1998. Federal elections in Germany. Chancellor Kohl recommended to a young Member of the Bundestag in his party to invite Father Kelly (name changed) to Bonn in order to talk about educational reform in the American university system.

Chancellor Kohl and Father Kelly had become acquaintances. Kelly, President of a major American and Catholic university located in Washington D.C., had done his Ph.D. in Theology in Germany. He was fluent in German. The Chancellor, also a Catholic, was very well-versed in both church history and theology. He was also quite well-connected with Rome.

University reform had become an important issue in German domestic politics. Federal elections were just around the corner. Father Kelly’s office gets a phone call. “Would the university president be willing to participate in a hearing in the Bundestag?”

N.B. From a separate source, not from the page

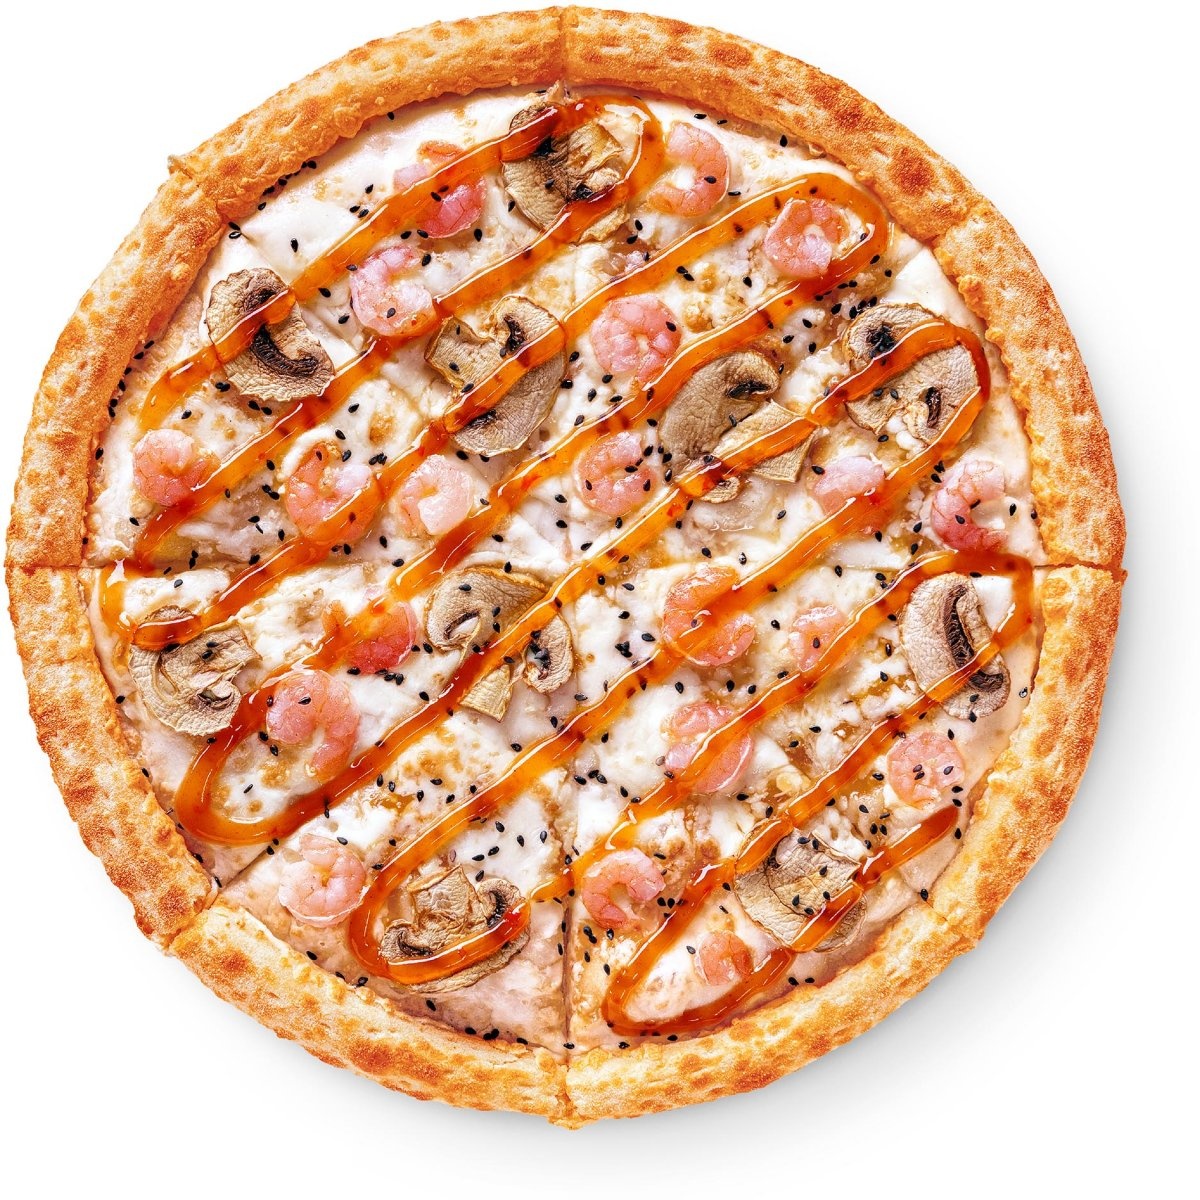 состав пепперони в додо пицца фото 117

The Bundestag is the German Parliament. And Parliament is analogous to Congress. Father Kelly’s chief of staff made the connection: a hearing in the Bundestag is like a hearing in the House or in the Senate. The Chancellor is inviting via the parliamentary group? “Yes, certainly. Father Kelly would be honored.”

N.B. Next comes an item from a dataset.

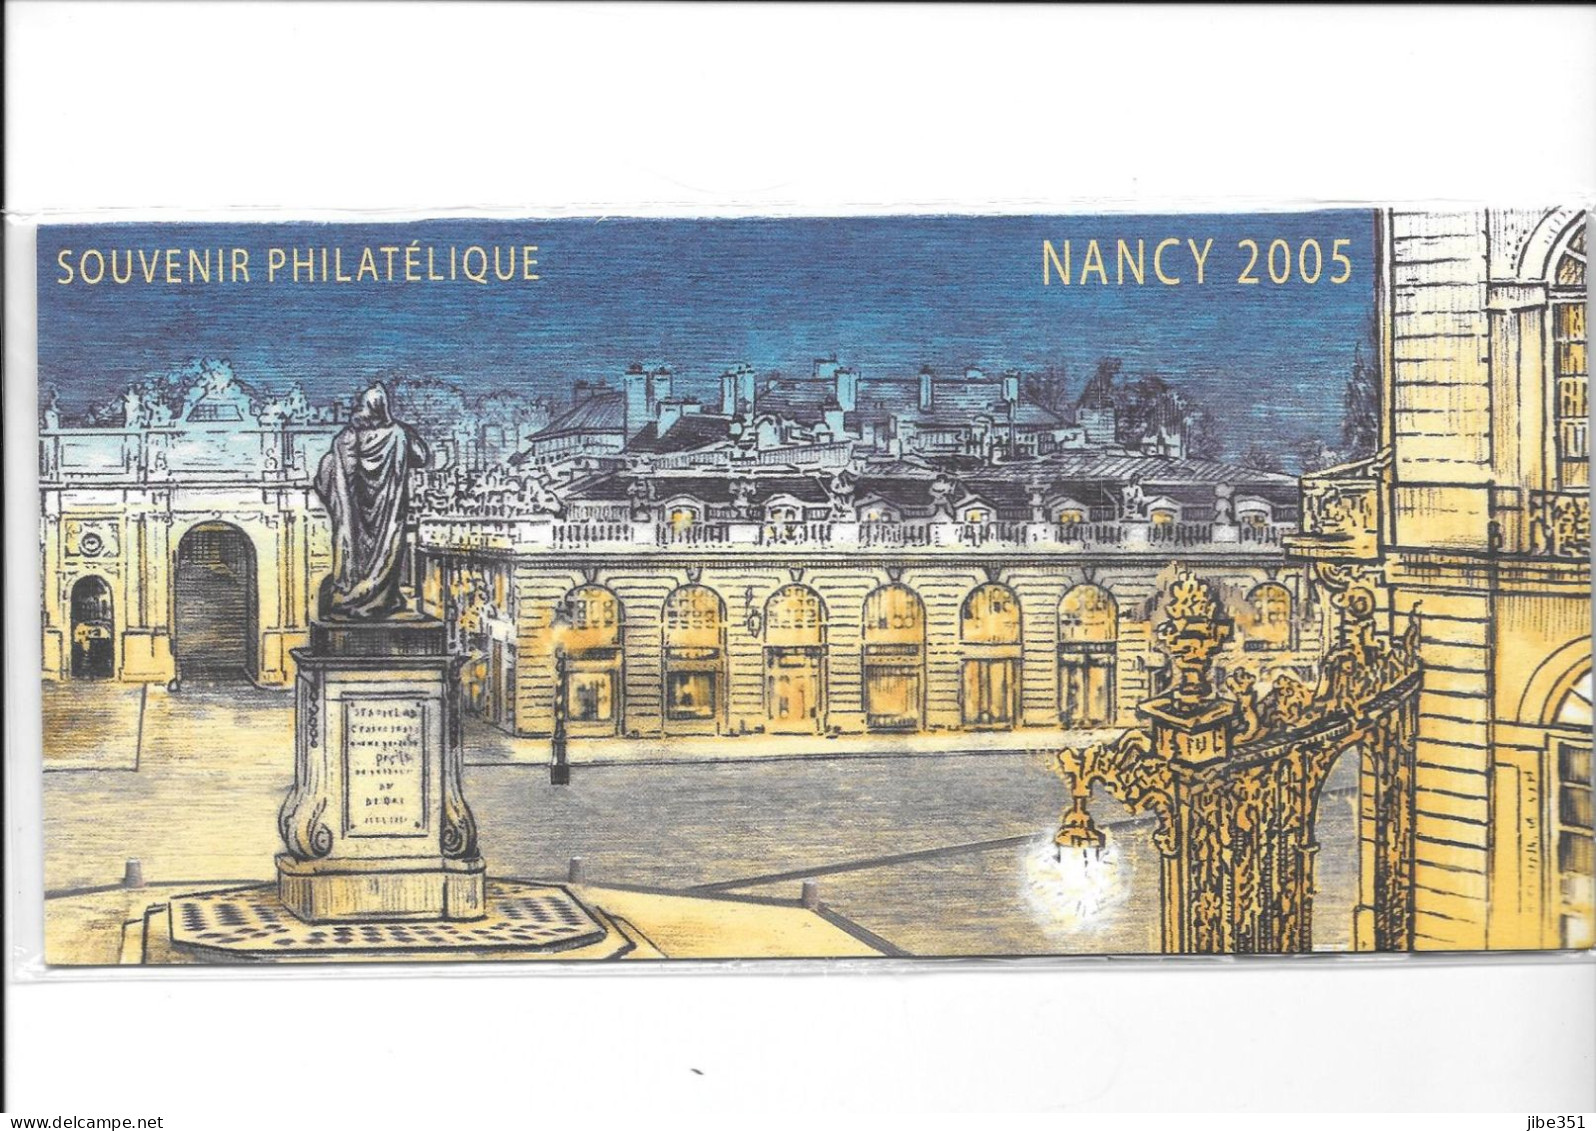 Souvenir Philatélique Nancy 2005 Neuf Sous Blister - Bloques Souvenir

Documents are sent back and forth per email. In English. It all seems to match up, but with a few question marks. A week before his scheduled flight to Bonn, it begins to occur to Father Kelly that the “hearing” he has been invited to as a very high-level subject area expert does not quite sound like one he would participate in across town in a Senate office building.

Words aren’t words

A phone call is made from Father Kelly’s office to the Bundestag seeking clarification without success. Father Kelly makes the flight from Washington to Bonn. The “hearing” in the Bundestag turns out to be a half-day meeting with a handful of young members of the Chancellor’s party who are focused on the issue and seeking expert input from across the Atlantic.

The “hearing” did not take place in the Bundestag. There was no large committee room. No panel of Bundestag Members from the various parties asking Father Kelly well-researched questions about how American universities approach the educational challenges of the future.

Nor did Kohl’s party schedule any other meetings for Father Kelly, neither with the press, nor with the presidents of nearby universities such as Bonn and Cologne, nor with German Secretary of Education or at least with his Undersecretary. Nothing.

Father Kelly flew from Washington to Bonn to speak with very junior members of the Bundestag for no more than half a day, then flew back to Washington. A terrible waste of time, and money, for Father Kelly and the university he is the president of.

Hearing isn’t hearing. Words aren’t words.

“Are the Germans holding back?“

Americans and Germans decide to integrate processes. Process harmonization is the term used.  A common experience.

First look at and become familiar with the other side’s processes, procedures, etc. The Americans hand over their binders. Many of them. Long. Detailed. The Germans hand over theirs. Not as many. Not as long. Not as detailed. The Americans wonder where the rest is. “Are the Germans holding back? Not revealing? Playing politics?“

Another misperception. Not as many. Not as long. Not as detailed. In fact. The reason once revealed by a German engineer in the middle of the tension. “We do our best not to write down what we do and how we do it.” And why? “Because if it is written down in a process or a procedure, we are bound to doing it exactly in that way. We want to maintain our freedom and autonomy to choose situationally how we work.“

We Germans protect our knowledge

Is that the only reason? What about protecting your knowledge? He smiles discreetly. Not clever. Not sneaky. But conceding. “Yes. We Germans protect our knowledge as best we can. Not only companies, but also individual employees.” So, if it is documented well, then others can do it, also. Right? „Ja.”

There is a third reason. Who wants to take the time to document how an individual, a department, a division works? Drudgery. By the time all of those activities, all of that work, in all of its complexity has been documented, modifications have already taken place. It’s like painting San Francisco’s Golden Gate bridge. Once you’ve completed the job, you have to begin all over again.